“No, no,” she protested. “Keep your chairs, please.”
“Mr. Thompson,” Carr’s keen old eyes flickered between the two men and the girl. “My daughter. Mr. Thompson is the latest leader of the forlorn hope at Lone Moose, Sophie.”
Mr. Thompson murmured some conventional phrase. He was mightily disturbed without knowing why he was so disturbed, and rather fearful of showing this incomprehensible state. The girl’s manner put him a little at his ease. She gave him her hand, soft warm fingers that he had a mad impulse to press. He wondered why he felt like that. He wondered why even the tones of her voice gave him a thrill of pleasure.
“So you are the newest missionary to Lone Moose?” she said. “I wish you luck.”
Although her voice was full, throaty like a meadow lark’s, her tone carried the same sardonic inflection he had noticed in her father’s comment on his mission. It pained Thompson. He had no available weapon against that sort of attack. But the girl did not pursue the matter. She said to her father:
“Crooked Tree’s oldest son is in the kitchen and wants to speak to you, Dad.”
Carr rose. So did Thompson. He wanted to get away, to think, to fortify himself somehow against this siren call in his blood. He was sadly perplexed. Measured by his own standards, even to harbor such thoughts as welled up in his mind was a sinful weakness of the flesh. He was in as much anxiety to get away from Carr’s as he had been to find a welcome there.
“I think I shall be moving along,” he said to Carr. “I’ll say good-day, sir.”
Carr thrust out a brown sinewy hand with the first trace of heartiness he had shown.
“Come again when you feel like it,” he invited. “When you have time and inclination we’ll match our theories of the human problem, maybe. Of course we’ll disagree. But my bark is worse than my bite, no matter what you’ve heard.”

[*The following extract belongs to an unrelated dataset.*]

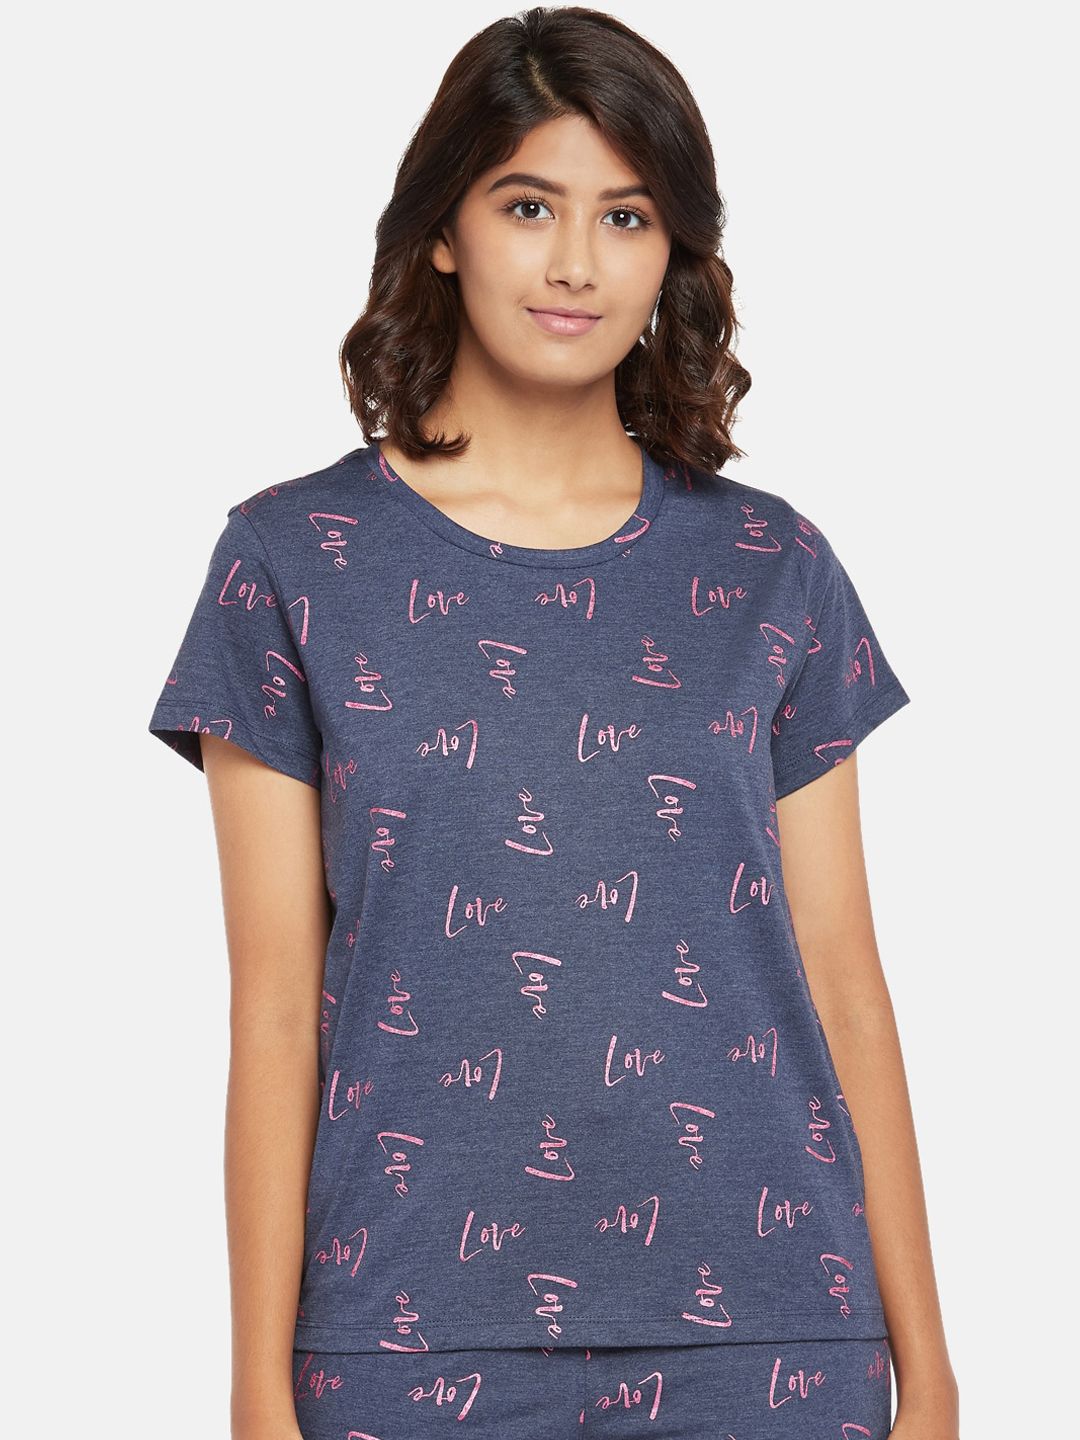 Dreamz by Pantaloons Navy Blue Printed Pure Cotton Regular Lounge tshirt Price in India

He strode off. Sophie bowed to Thompson, nodded to Tommy Ashe, and followed her father. Ashe got up, stretched his sturdy young arms above his fair, curly head. He was perhaps a year or two older than Thompson, a little thicker through the chest, and not quite so tall. One imagined rightly that he was very strong, that he could be swift and purposeful in his movements, despite an apparent deliberation. His face was boyishly expressive. He had a way of smiling at trifles. And one did not have to puzzle over his nationality. He was English. His accent and certain intonations established that.
He picked up a gun now from where it stood against the wall, whistled shrilly, and a brown dog appeared hastily from somewhere in the grass, wagging his tail in anticipation.
“Mind if I poke along with you,” he said to Thompson. “There’s a slough over beyond your diggin’s where I go now and then to pick up a duck or two.”
They fell into step across the meadow.